Aus all der Ehrung der Reliquien Irmengard, aus den klaren, lobvollen Grabinschriften, besonders dem beschriebenen Bleitäfelchen können wir das sichere Zeugnis entnehmen, dass der seligen Äbtissin Irmengard seit unvordenklichen Zeiten religiöse Verehrung erwiesen wurde. Aus neuester Zeit sind viele Gebetserhörungen bezeugt. Deshalb wurde von der bischöflichen Behörde in München der Informationsprozess begonnen, um die Bestätigung der Verehrung der Seligen vom Heiligen Vater zu erhalten. Hierzu wurde abermals eine Grabesöffnung vorgenommen. Der 13. Juli 1922 war ein großer Tag auf Frauenchiemsee. Kardinal Erzbischof Dr. Michael Faulhaber von München mit Mitgliedern der Seligsprechungskommission, Gelehrten und sonstigen Zeugen war in eigener Person gekommen. Das Grab wurde geöffnet, der Zinnsarg aus dem Marmorsarg gehoben, sein Inhalt und die ganze Lage genau in Augenschein genommen, untersucht, vermessen, fotografiert und protokolliert. Von dem heiligen Leib ist fast das ganze Knochengerüst vorhanden, nur das Haupt fehlt. Man wird es schon anfänglich als Reliquie anderswohin gegeben haben. In feierlicher Prozession wurden die ehrwürdigen Überreste, die man zum größeren Teil wieder in den alten Zinnsarg, das übrige in einen Reliquienschrein legte, getragen von vier Nonnen, in den Chor des Klosters eingeführt. Ehrfurcht und heilige Freude glänzte auf den Gesichtern aller, die dem hehren Akt beiwohnten, der sich unter den alten hohen Münsterhallen wie ein Stück aus längst entschwundenen Tagen abspielte. Zuversichtlich ist die Hoffnung, dass den Bittschriften sämtlicher Bischöfe Bayerns und Deutschlands, zahlreicher hoher und höchster Herrschaften, der Ordensfrauen und vieler anderer geistlichen und weltlichen Personen um Anerkennung des Kultes der seligen Irmengard von Rom Erfüllung gewährt werden wird.
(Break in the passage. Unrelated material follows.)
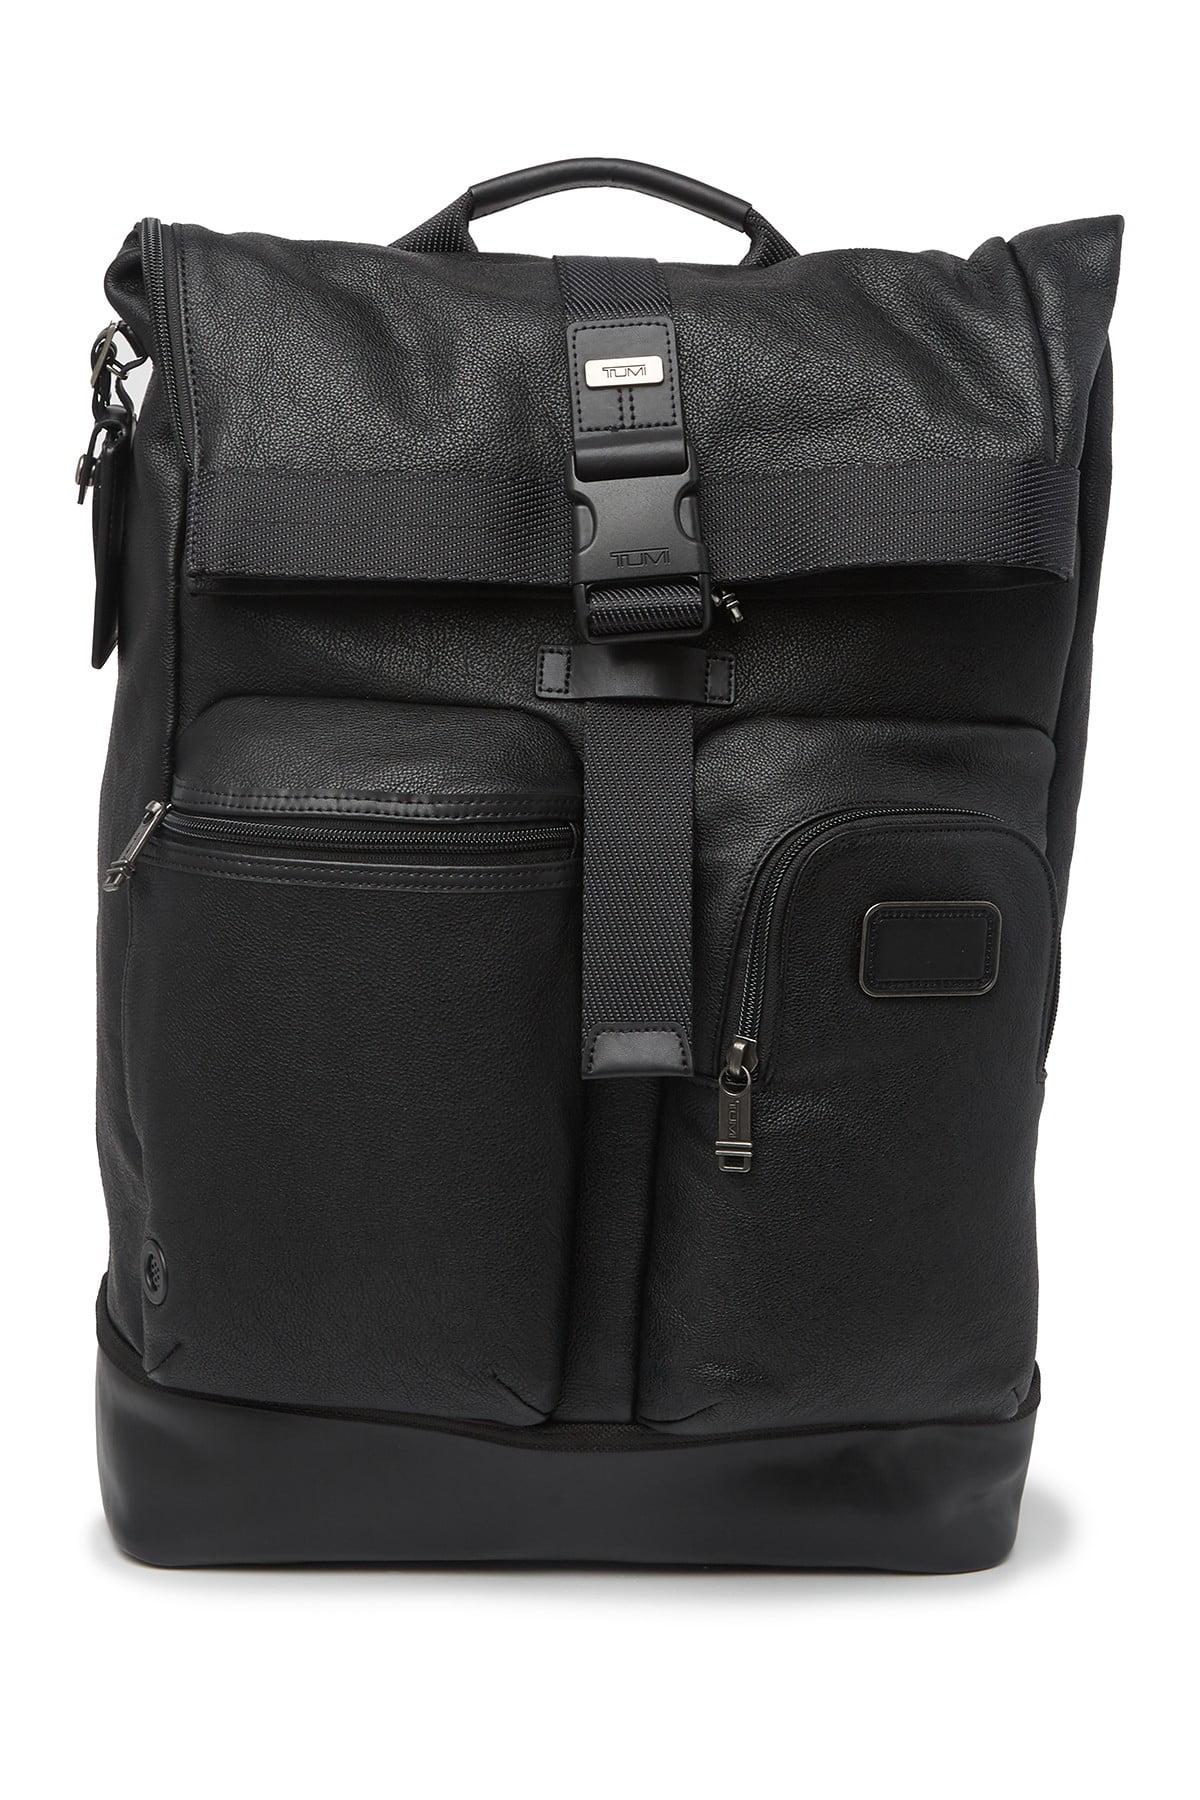 tumi cypress backpack, great trade off 57% - www.sweetpaws.gr

Die selige Äbtissin gibt uns diese Meisterlehre aus dem Grab: „Alpha und Omega“, Anfang und Ende eures Lebens gehöre Christus! Er sei euer einziger König und Herr! „Kreuz – Licht“: Kreuz und Leiden soll euch allezeit so lieb sein wie das klare Licht, wie Trost und lauter Freude! „König – Gesetz“: Christus, euer König, sei auch der Gesetzgeber, die Regel und lebendige Richtschnur aller eurer Handlungen! „Amen“: So soll es sein! Dann werdet ihr euch allezeit freuen im Herrn, der euch nahe ist als Gott und König eures Herzens. Und hinwiederum werdet ihr euch erfreuen eines gesegneten Andenkens bei den Menschen, denen euer mildes Wesen, eure Heiligkeit, kund geworden!